Call Monitoring Program – Essential Elements for Effective Compliance

Effective mobile call monitoring compliance has become a crucial regulatory component of many financial services institutions. Regulators are increasingly finding the current voice calling recording and monitoring practices in many financial companies that needs improvement. Failure to establish that they are the foundation of your regulatory compliance strategy can expose your firm to enforcement actions.

Call monitoring prevents unethical business practices and improves customer service. Financial advisors must show compliance when communicating with customers via mobile phones. Financial regulators often require call monitoring within financial firms to permit compliance officers to monitor ethical behaviour. Notable regulations include:

  • The UK FCA requires that financial institutions implement call monitoring solutions to ensure that their internal controls permit treating customers according to their standards.
  • The MiFID II regulation requires European financial institutions to have a call-monitoring plan. It includes recording phone conversations and electronic communications such as mobile calls, text messages, and instant messaging chats. 
  • GPDR involves recording and monitoring phone calls using the most stringent data protection principles.

The need for a proactive approach to communication compliance

Technology has moved past traditional phone calls. Financial firms are now responsible for monitoring all mobile, instant messaging, or social media calls. Regulated firms should invest in monitoring solutions to prevent fraud or other regulatory compliance violations.

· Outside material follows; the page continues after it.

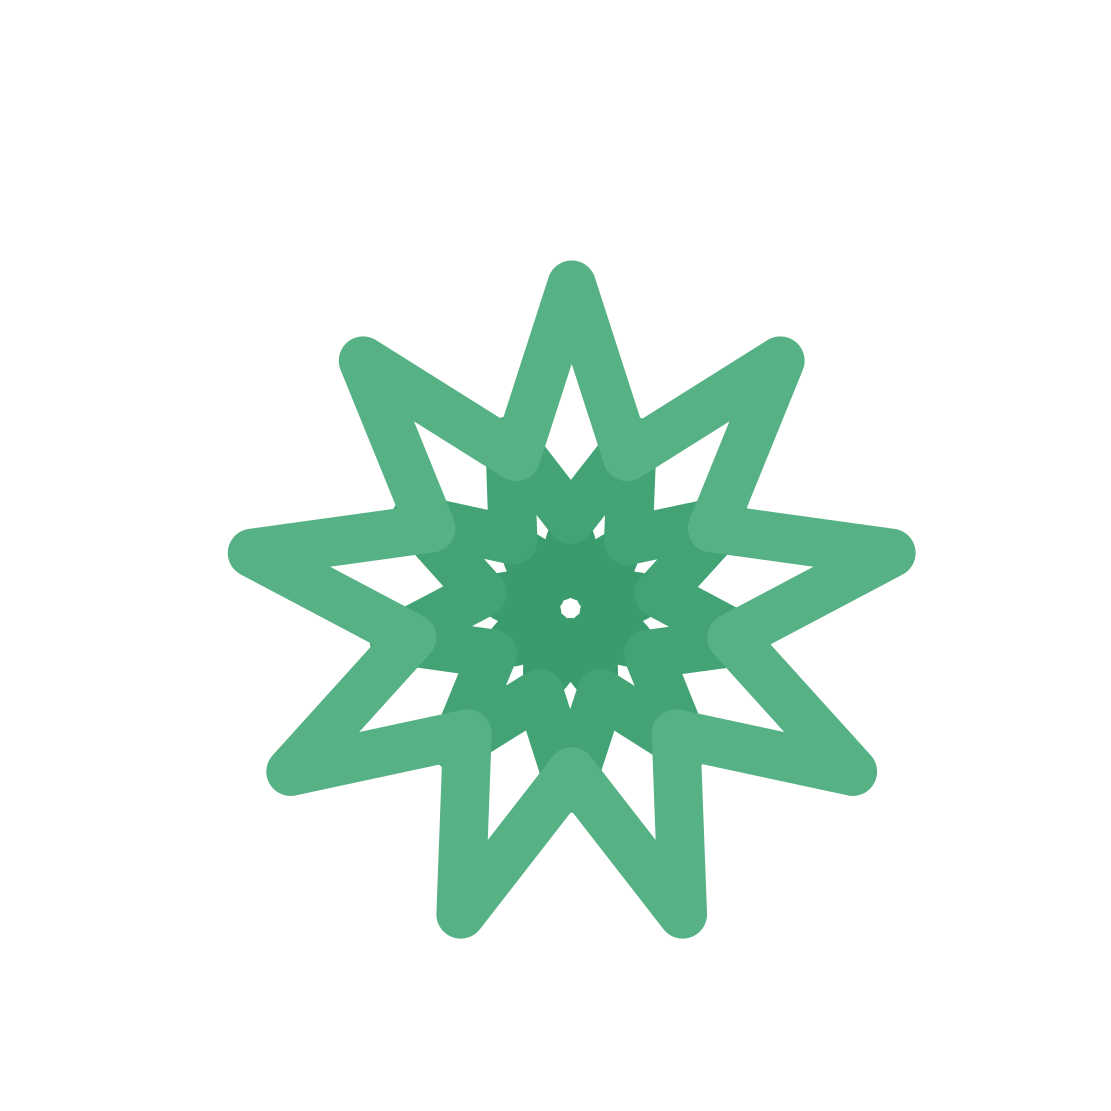 Glut neuron icon.png

This proactive compliance system should be able:

  • Automated raise alerts when calls are not in compliance.
  • Construct all trade conversations via different communication channels as they occur.
  • Facilitate efficient, intelligent searching

Call monitoring solutions with speech-to-text analytics are essential for proactive communication compliance. This technology transforms voice communications into a readable format that firms can analyze further. This technology allows compliance officers to detect non-compliant terms early on and to take remedial steps to stop them from being used in future conversations. Additionally, it enables compliance officers to create filters that filter out specific phrases or words that are not compliant.

The monitoring solution flags all calls in which the words or phrases appear. This makes it easier to perform on-site audits than reactive compliance measures. AI-powered call surveillance tools are more advanced and can convert voice or voice recordings to searchable texts. They also learn the voice patterns from the speaker. 

These systems can recognize the meanings of abbreviations and technical terms over time. Firms can also create a contextual understanding from phone conversations using Natural Language Processing (NLP) and machine learning to know the customer’s behaviour based on their language.